As of June 30, 2011 HRSDC has introduced a new regulation, bill C-35,concerning the ‘Live-in Caregiver Program’ (LCP) eliminating the possibility for nanny agencies to represent their clients for the purpose of obtaining the ‘Labour Market Opinion’ (LMO)required for their nanny to apply for a work permit with ‘Citizenship & Immigration Canada’ (CIC). Only a registered immigration consultant or a lawyer can represent the employer for this purpose.
Human Resources and Skills Development Canada – www.hrsdc.gc.ca
Temporary Foreign Worker Program
Notice for Employers:
New Requirements for Employers Using Third Party Representatives
On June 30, 2011, An Act to Amend the Immigration and Refugee Protection Act (IRPA), came into force, along with related amendments to the Immigration and Refugee Protection Regulations (IRPR). The new IRPA provisions will help regulate the intervention of paid third party representatives in the labour market opinion (LMO) and arranged employment opinion (AEO) application process.
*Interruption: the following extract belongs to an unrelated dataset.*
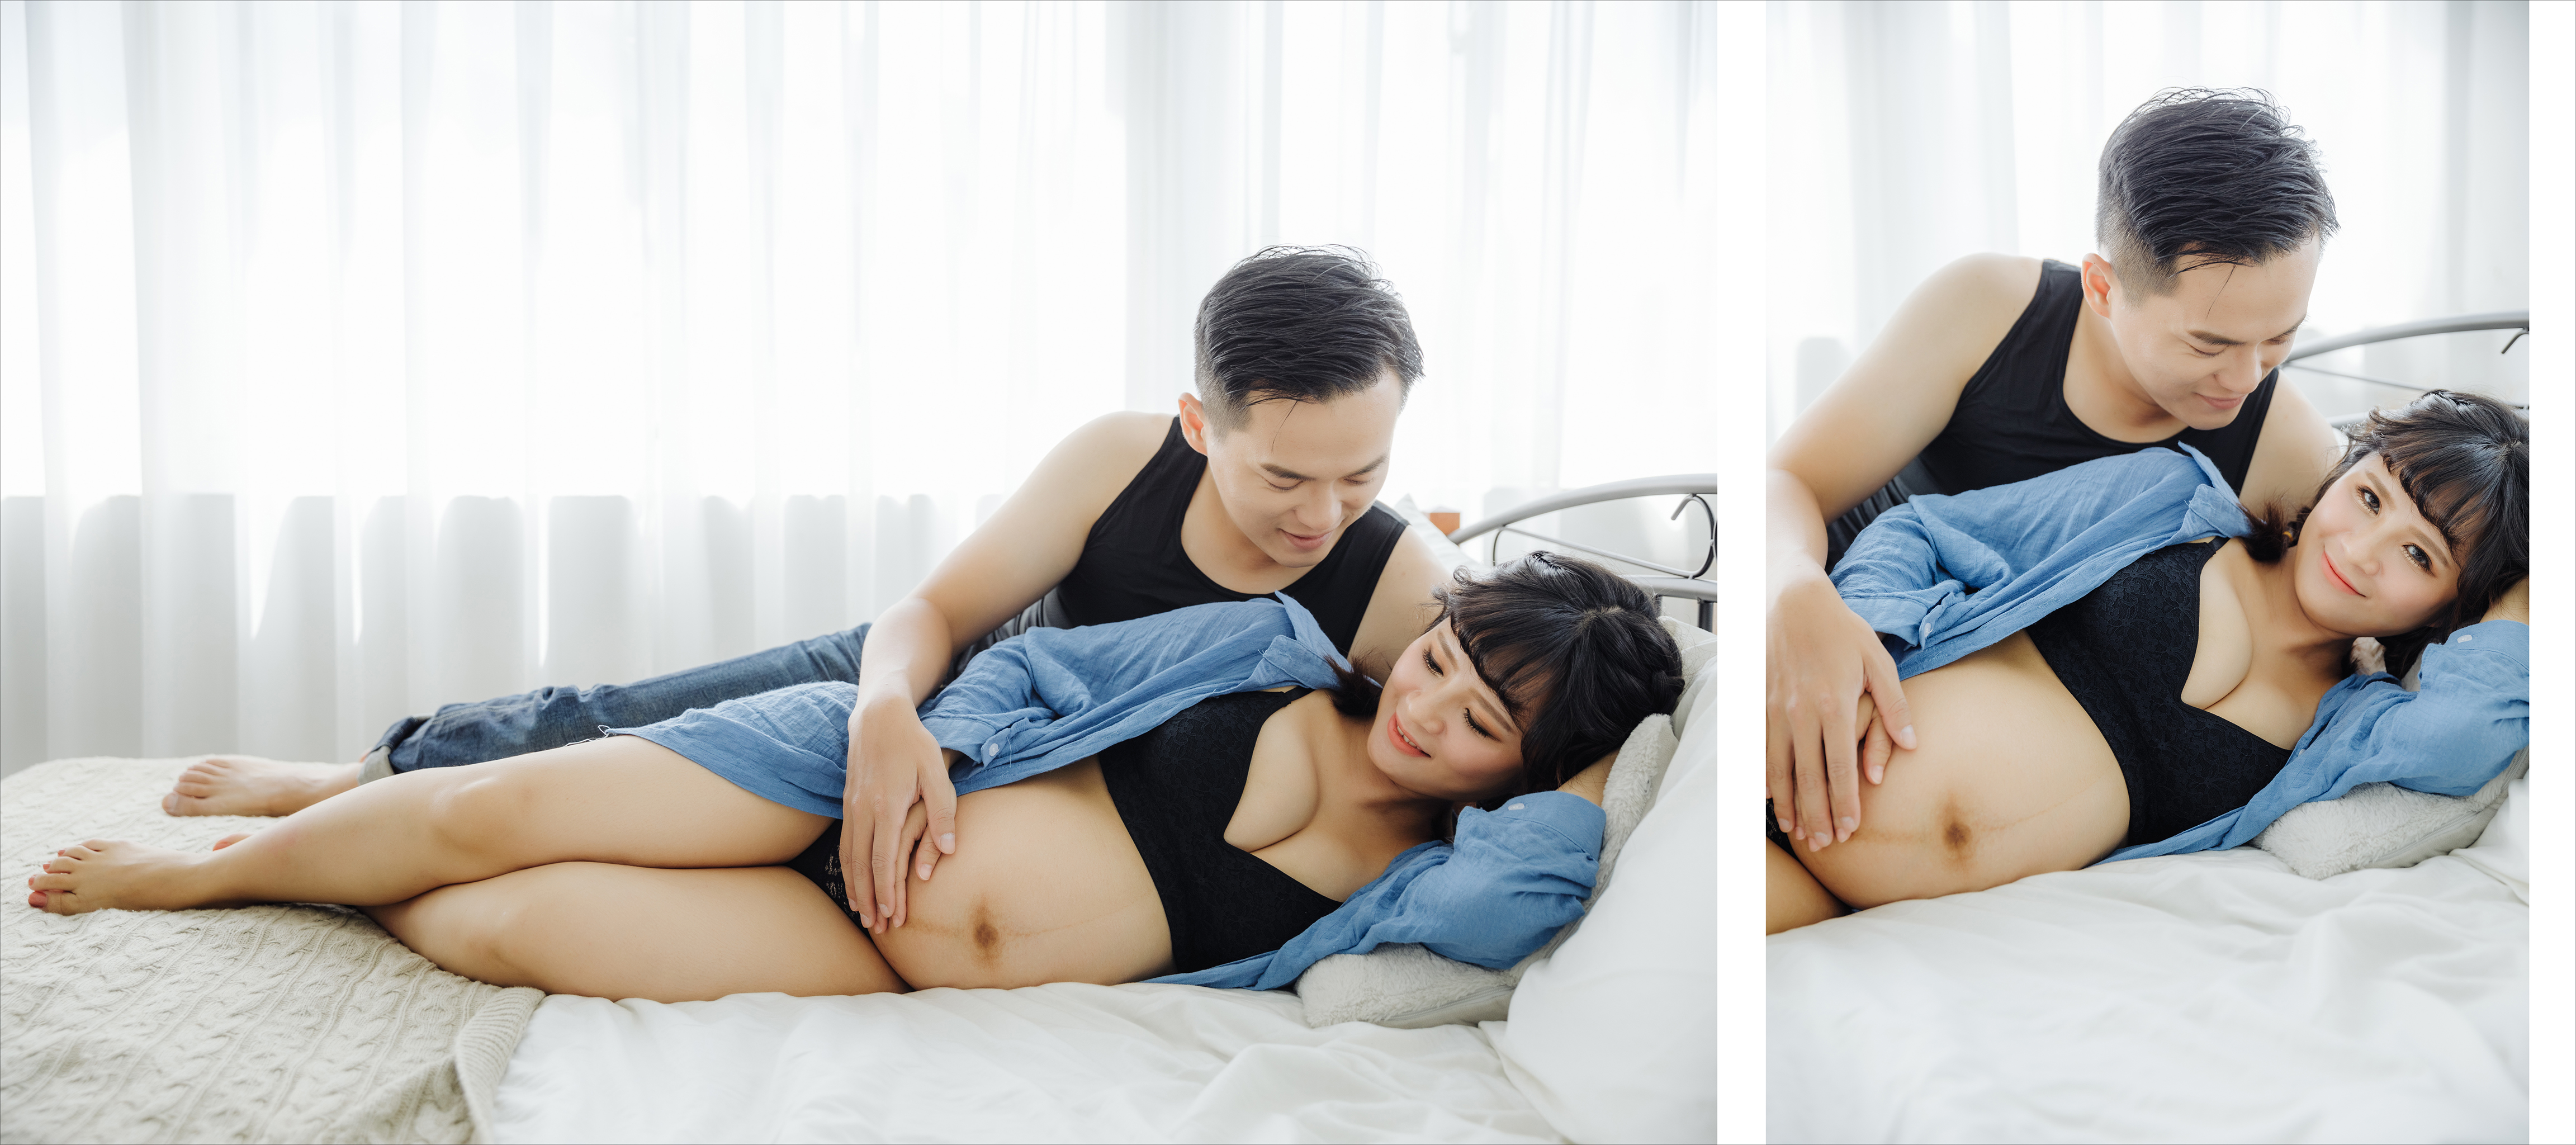 48973247311 0c734ebc94 o - 【孕婦寫真】+如蕙&至宏+
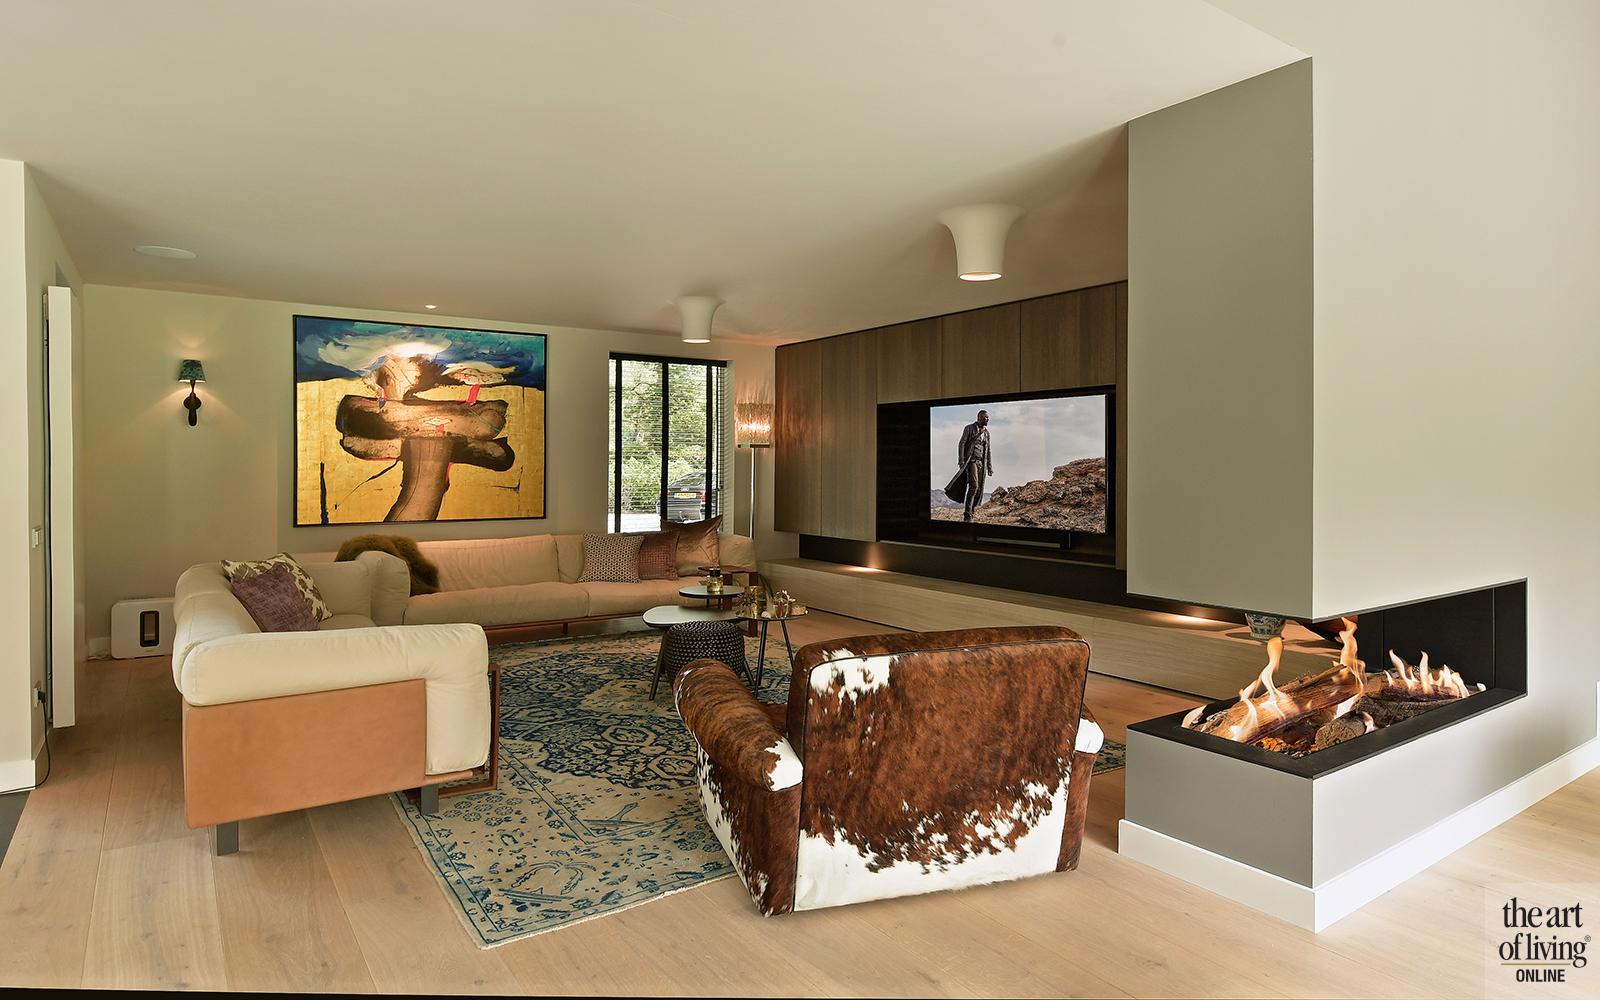 Moderne villa, Drijvers, Interieur, Exterieur, Moderne Architectuur, Villa, Modern interieur, Woonkamer, Livingroom, Design Meubels, Home cinema, Thuisbioscoop

These amendments require the paid third party representatives to be authorized before providing services in order to better protect employers and temporary foreign workers from acts of fraud.
Authorized Paid Immigration Representatives
Only the following immigration representatives may charge a fee, or receive any other type of consideration, for representing or providing advice in connection with any Canadian immigration process or application:
• lawyers and paralegals in good standing with a provincial or territorial law society;
• notaries in good standing with the Chambre des notaires du Québec; and
• immigration consultants in good standing with the Immigration Consultants of Canada Regulatory Council.
All immigration representatives paid by an employer must now be authorized before getting involved in any of the following activities:
• Representing an employer in an LMO or AEO application.
• Communicating with Citizenship and Immigration Canada (CIC), the Canada Border Services Agency (CBSA), the Immigration and Refugee Board of Canada (IRB) or Human Resources and Skills Development Canada (HRSDC)/Service Canada on behalf of the client.
• Explaining and providing advice.
• Providing guidance on how to select the best immigration stream and completing the appropriate forms.
• Representing the client in an immigration application or process.
• Advertising that they can provide immigration advice.